Extracted data entries:
==============================
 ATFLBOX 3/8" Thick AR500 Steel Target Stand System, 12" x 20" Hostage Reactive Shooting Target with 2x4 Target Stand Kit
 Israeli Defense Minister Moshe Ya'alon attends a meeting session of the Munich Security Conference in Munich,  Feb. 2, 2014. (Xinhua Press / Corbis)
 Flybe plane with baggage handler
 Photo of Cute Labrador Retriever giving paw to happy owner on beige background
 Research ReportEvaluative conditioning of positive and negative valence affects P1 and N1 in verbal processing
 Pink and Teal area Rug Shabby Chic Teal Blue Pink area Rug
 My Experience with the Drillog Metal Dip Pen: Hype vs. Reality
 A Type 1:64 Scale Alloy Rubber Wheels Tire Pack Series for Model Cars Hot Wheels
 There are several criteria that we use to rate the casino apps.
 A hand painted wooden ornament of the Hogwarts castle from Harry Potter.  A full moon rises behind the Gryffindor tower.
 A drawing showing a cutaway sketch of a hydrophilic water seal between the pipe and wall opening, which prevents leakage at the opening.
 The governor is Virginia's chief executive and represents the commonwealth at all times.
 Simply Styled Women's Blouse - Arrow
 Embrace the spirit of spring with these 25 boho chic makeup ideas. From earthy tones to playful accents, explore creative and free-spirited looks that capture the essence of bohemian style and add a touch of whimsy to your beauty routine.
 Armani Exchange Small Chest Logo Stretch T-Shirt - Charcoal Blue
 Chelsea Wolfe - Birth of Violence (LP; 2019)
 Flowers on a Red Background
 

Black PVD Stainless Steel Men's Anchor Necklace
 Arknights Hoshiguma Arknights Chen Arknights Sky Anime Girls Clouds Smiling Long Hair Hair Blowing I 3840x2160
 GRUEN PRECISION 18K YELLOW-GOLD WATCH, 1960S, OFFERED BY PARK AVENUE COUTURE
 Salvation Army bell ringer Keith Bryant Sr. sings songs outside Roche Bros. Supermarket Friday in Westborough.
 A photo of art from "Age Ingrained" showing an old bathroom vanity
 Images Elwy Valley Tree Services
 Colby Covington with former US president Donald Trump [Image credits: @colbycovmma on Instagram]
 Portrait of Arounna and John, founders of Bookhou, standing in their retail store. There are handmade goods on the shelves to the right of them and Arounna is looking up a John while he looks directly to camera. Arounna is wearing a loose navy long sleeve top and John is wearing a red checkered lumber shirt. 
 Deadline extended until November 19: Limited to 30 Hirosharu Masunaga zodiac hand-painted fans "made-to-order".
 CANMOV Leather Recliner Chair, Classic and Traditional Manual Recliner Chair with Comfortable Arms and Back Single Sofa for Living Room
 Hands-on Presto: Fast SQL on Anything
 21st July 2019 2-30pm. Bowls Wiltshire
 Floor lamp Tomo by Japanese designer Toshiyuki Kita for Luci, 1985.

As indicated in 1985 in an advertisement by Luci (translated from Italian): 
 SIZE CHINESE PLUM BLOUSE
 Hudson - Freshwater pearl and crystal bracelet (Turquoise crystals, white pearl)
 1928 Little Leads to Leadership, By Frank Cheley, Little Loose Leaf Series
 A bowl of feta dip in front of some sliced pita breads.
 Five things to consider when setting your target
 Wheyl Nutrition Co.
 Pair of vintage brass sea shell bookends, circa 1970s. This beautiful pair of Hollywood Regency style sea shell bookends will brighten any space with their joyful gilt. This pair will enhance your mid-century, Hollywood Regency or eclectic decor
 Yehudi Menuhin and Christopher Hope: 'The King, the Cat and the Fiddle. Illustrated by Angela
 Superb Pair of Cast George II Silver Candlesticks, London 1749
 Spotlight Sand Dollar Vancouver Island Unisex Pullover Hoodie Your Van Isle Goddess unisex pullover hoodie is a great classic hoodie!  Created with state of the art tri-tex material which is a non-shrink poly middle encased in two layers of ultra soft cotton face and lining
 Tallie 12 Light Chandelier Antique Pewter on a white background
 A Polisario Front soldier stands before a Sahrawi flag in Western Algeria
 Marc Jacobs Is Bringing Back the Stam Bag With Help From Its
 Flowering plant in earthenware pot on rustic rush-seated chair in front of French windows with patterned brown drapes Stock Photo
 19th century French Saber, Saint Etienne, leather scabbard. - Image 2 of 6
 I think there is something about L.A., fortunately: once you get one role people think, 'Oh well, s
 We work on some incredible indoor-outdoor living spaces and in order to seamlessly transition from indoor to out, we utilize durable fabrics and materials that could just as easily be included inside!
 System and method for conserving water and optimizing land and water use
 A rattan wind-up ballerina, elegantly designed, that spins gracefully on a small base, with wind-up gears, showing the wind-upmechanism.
==============================
## TASK DESCRIPTION:
Go through the entries above, and wherever a line holds the word "looks", copy that line.

## SOLUTION FOR THIS EXERCISE:
 Embrace the spirit of spring with these 25 boho chic makeup ideas. From earthy tones to playful accents, explore creative and free-spirited looks that capture the essence of bohemian style and add a touch of whimsy to your beauty routine.
 Portrait of Arounna and John, founders of Bookhou, standing in their retail store. There are handmade goods on the shelves to the right of them and Arounna is looking up a John while he looks directly to camera. Arounna is wearing a loose navy long sleeve top and John is wearing a red checkered lumber shirt. 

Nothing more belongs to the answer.